Rationale and alternatives

  • Why is this design the best in the space of possible designs?
  • What other designs have been considered and what is the rationale for not choosing them?
  • What is the impact of not doing this?

Prior art

Rust separates the ideas of type collection, type checking, and type inference. And these are all disentangled from 'AST lowering'.

Relating to the CollectionContext, the Rust compiler uses queries for demand-driven development.

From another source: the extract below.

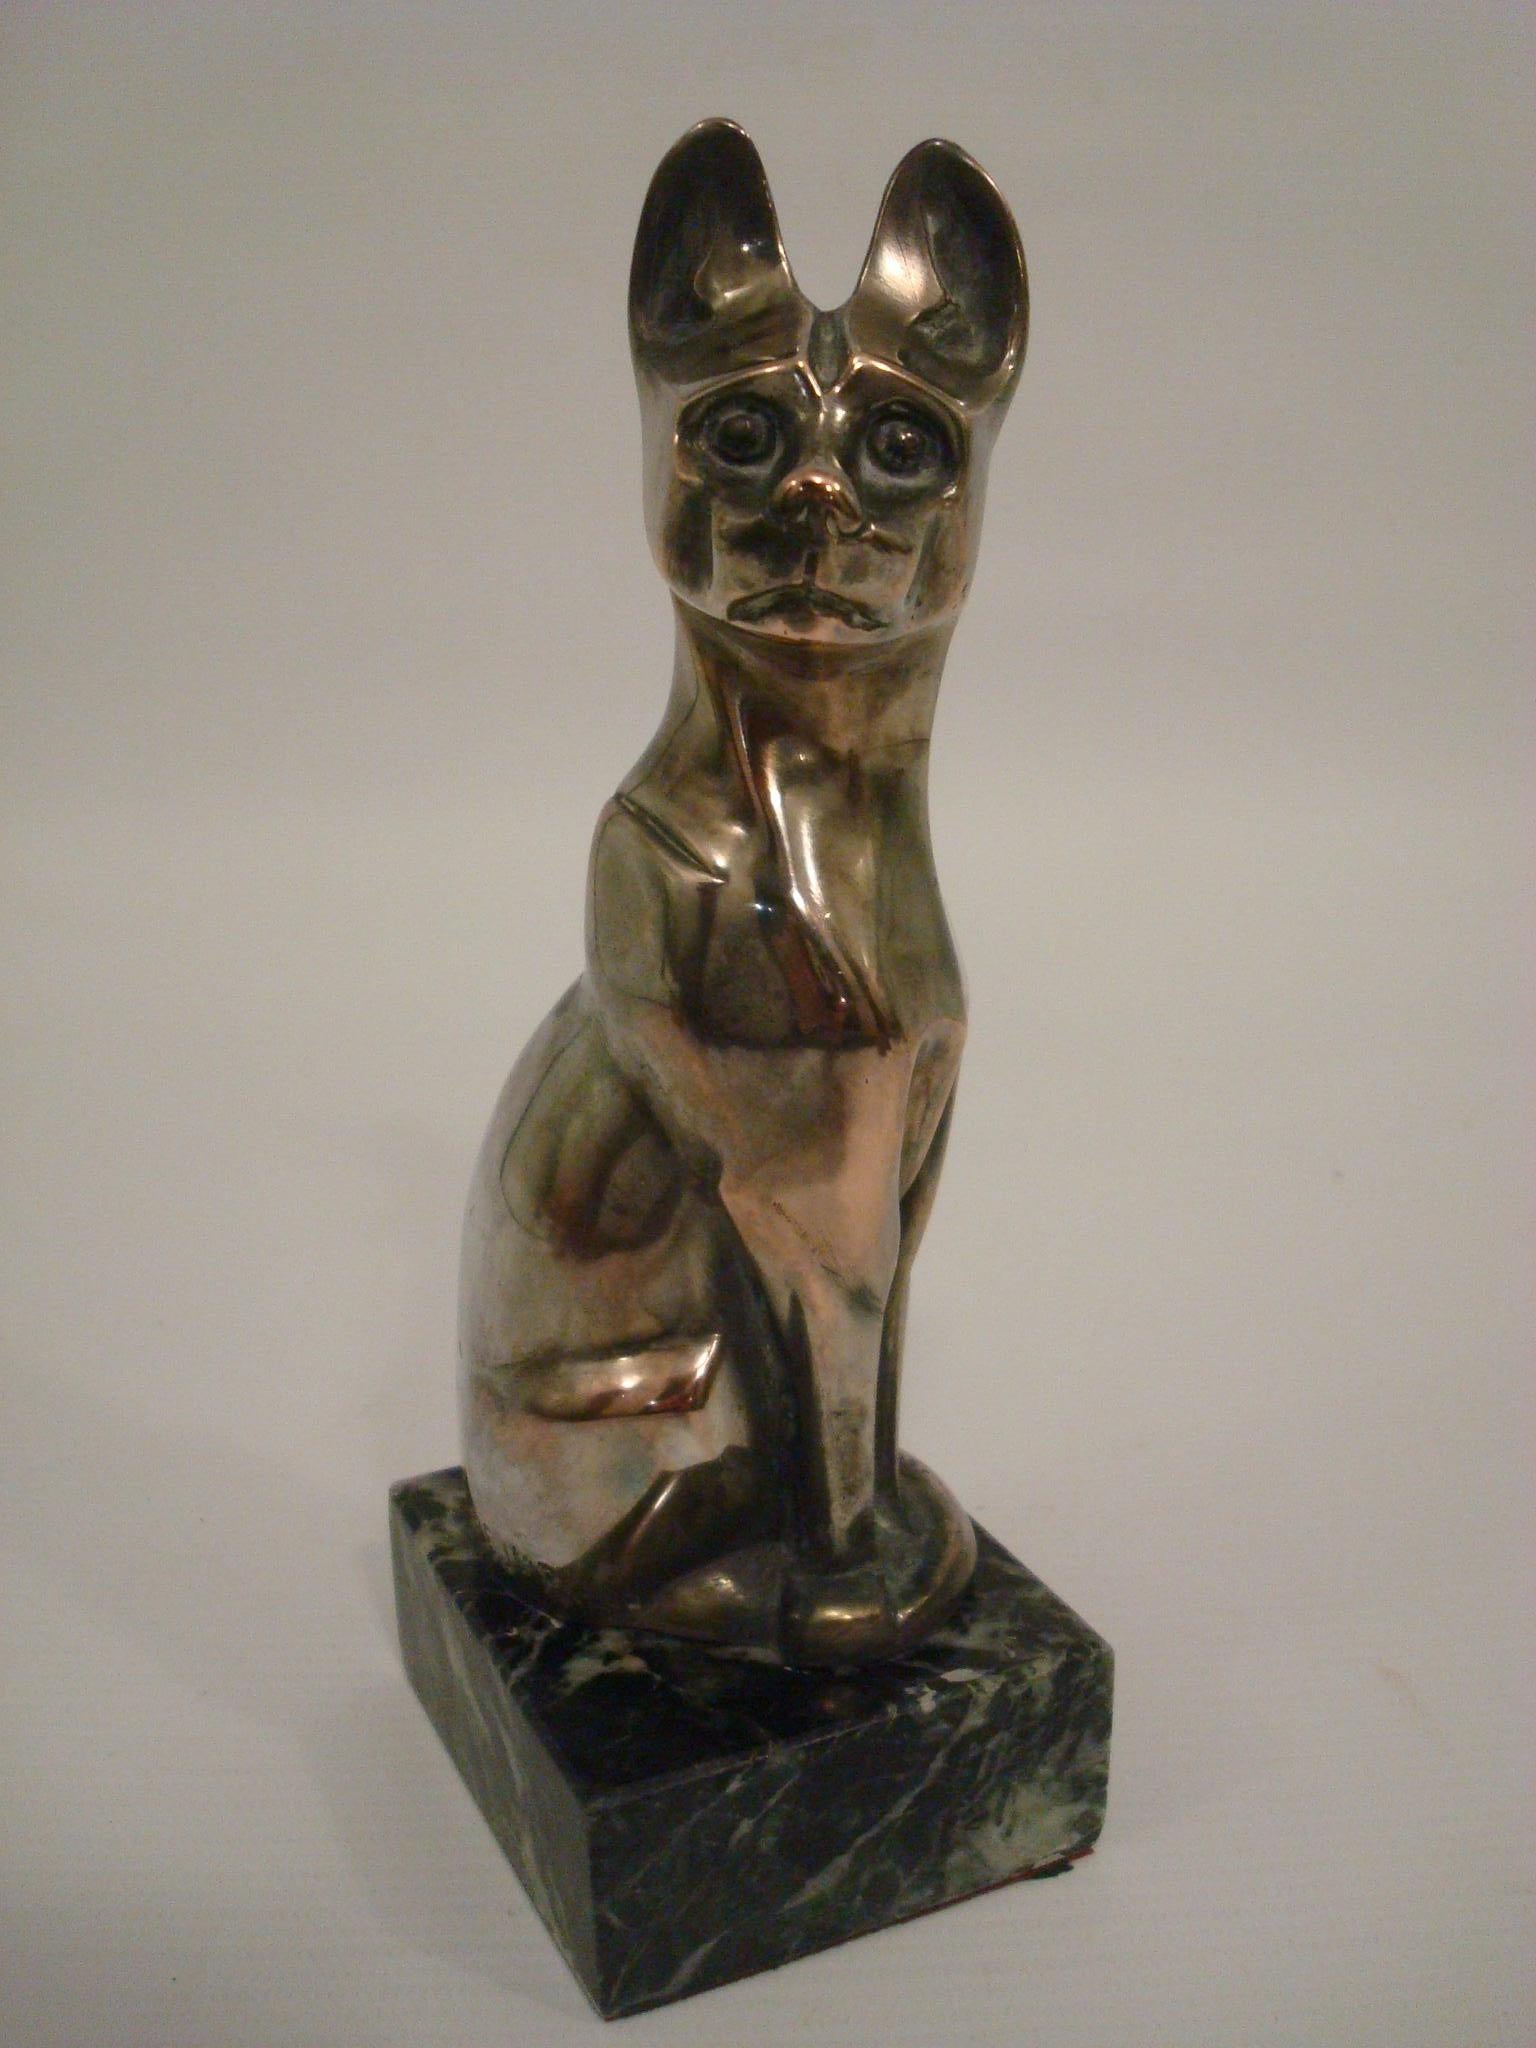 Very Rare Art Deco French silver plated bronze sculpture figure of a cat, ' Chat De Siam Assis ‘. This figure was produced as paperweight and also as car mascot (Perfect gift for any Hood Ornament - Mascotte Voiture - Automobilia Fan)
Inscribed Ed.

Admittedly, I'm not as familiar with this on a technical level as I would like to be, but my guess is that they are using a graph-based approach (combined with the Rust DefId) and to achieve the memoization and caching.

Unresolved questions

I'd really like to get feedback on how the CollectionContext could be improved for use with the LSP.

In terms of what is out of scope for this RFC, I feel that supporting recursive data structures is definitely out of scope, as it will require us to implement a pointer type.

Future possibilities

Eventually we should plan to move monomorphization to it's own monomorphization collection step (likely after type inference).

I'd really like to see us use the program visualization provided by petgraph. Maybe users could setup a debug profile for forc that allowed them to visualize their contract calls, visualize which library functions interact with which ABI functions, etc.

And of course releasing recursive functions is going to be a huge with for Sway I think.